Il dialogo frizzantino è partito dalle radici della famiglia: una mamma forte ed energica, un papà contemplativo, una sorella che ha vissuto nell'ammirazione del fratello, il letterato zio Bruno che gli ha impartito preziosi insegnamenti sui libri. Al centro soprattutto le figure femminili. Il temperamento materno era rivoltoso e positivo, autoritario e di supporto. La sorella Elisabetta, invece, per molto tempo si è sentita nell'ombra, ma con gli anni si è fortificata, sfidando lo stesso Vittorio negli ambiti lavorativi, come festival letterari e cinematografici. «I miei genitori mi hanno sempre sostenuto. Ho regalato loro grandi soddisfazioni», si apre a cuore aperto Sgarbi a una platea tutt'orecchi, «Mia sorella continua a interloquire con loro, anche se sono scomparsi, leggendo i miei articoli. È un rituale molto intenso da parte di chi non sopporta che i genitori siano altrove».

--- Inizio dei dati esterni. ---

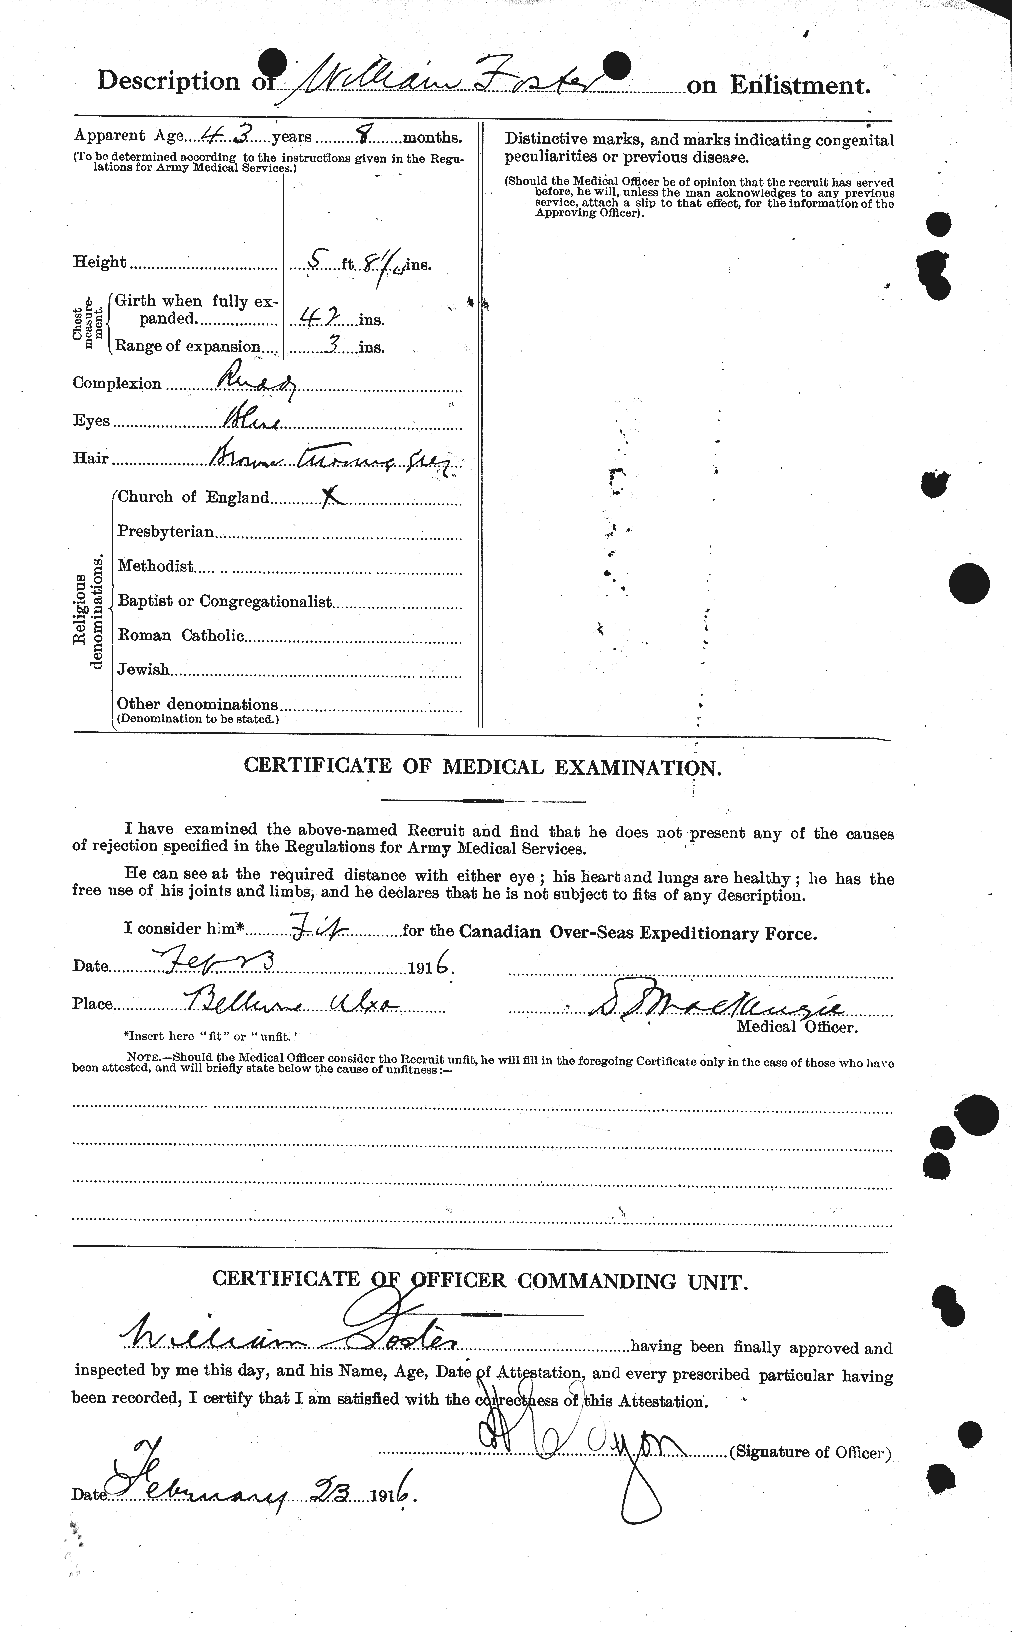 Dossiers du Personnel de la Première Guerre mondiale - CEC 328710b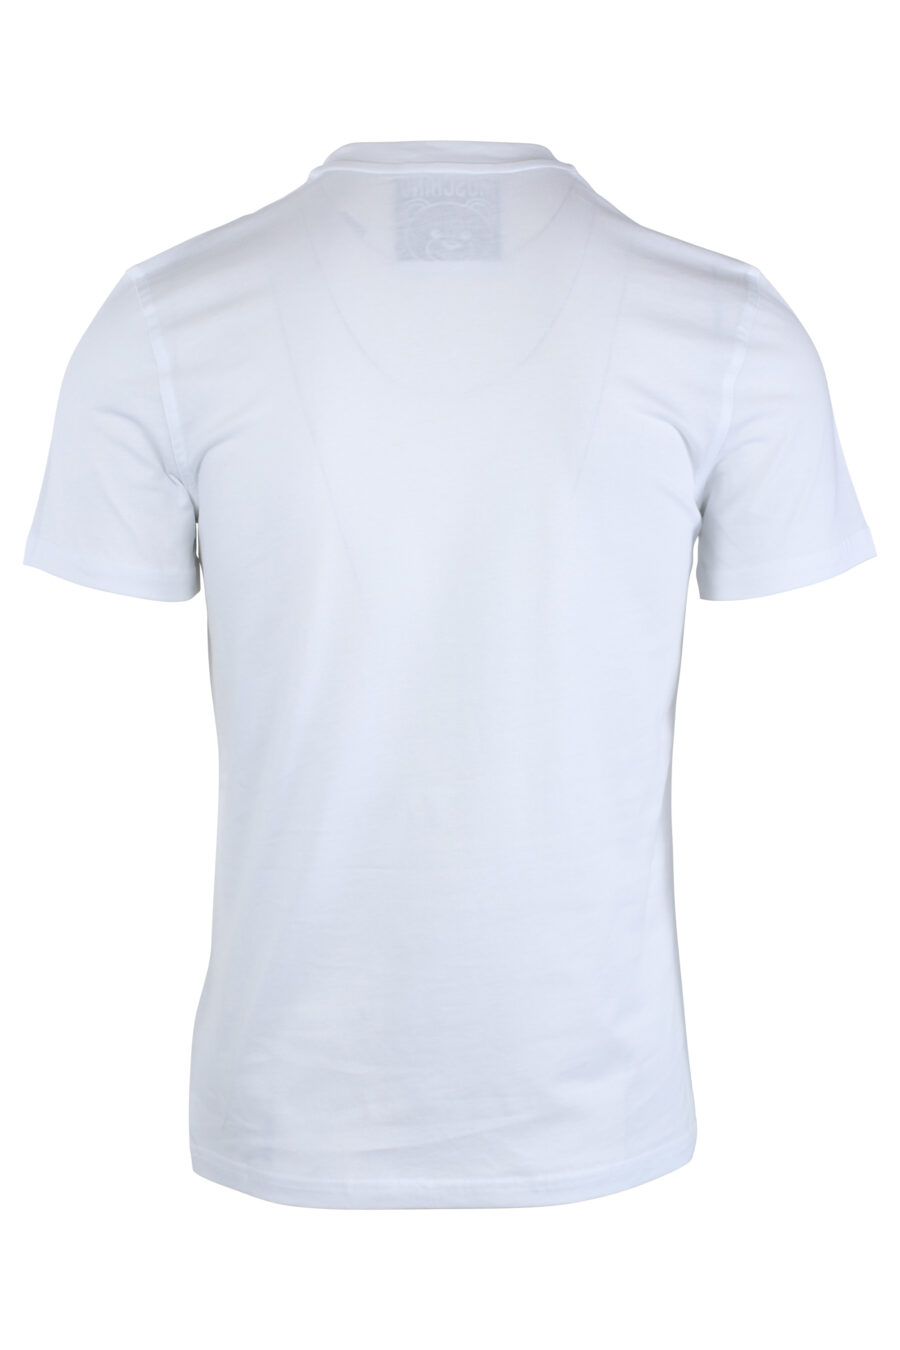 Weißes T-Shirt mit einfarbigem Bären-Minilogo - IMG 1650

Non si è sottratto, dunque, a fare cenni intimi alla sua dimensione privata, descrivendo anche la sua personale concezione sul coniugio e il rapporto meraviglioso che coltiva con i figli, nonostante le ammissioni di colpa per essere stato poco presente. «Ogni matrimonio è un delitto», afferma con nonchalance e con la consapevolezza di atteggiarsi talvolta a prepotente, «Come padre sono stato pessimo. Spesso sono stato assente con i miei figli, ma in compenso non ho disturbato. Posso vantare, però, di aver raccolto risultati ottimi, perché sono delle persone squisite». Attualmente, più che padre, Sgarbi si sente nonno, a settantuno anni guarda i bambini come se fossero delle specie rare, cogliendo la tenerezza che i pargoli trasmettono.
Apprezzabile che Sgarbi abbia messo da parte la verve più aggressiva cui solitamente si è abituati per far emergere il suo complesso lato umano con totale naturalezza. Sente che il tempo davanti a sé si sta inesorabilmente accorciando, ma ogni sua cellula trasmette un'incessante voglia di continuare a condurre un'esistenza ricca e appagante. È un uomo poliedrico e colto: possiede duecentottantamila libri sui quali nutre l'ambizione, prima o poi, di sistemare sugli scaffali.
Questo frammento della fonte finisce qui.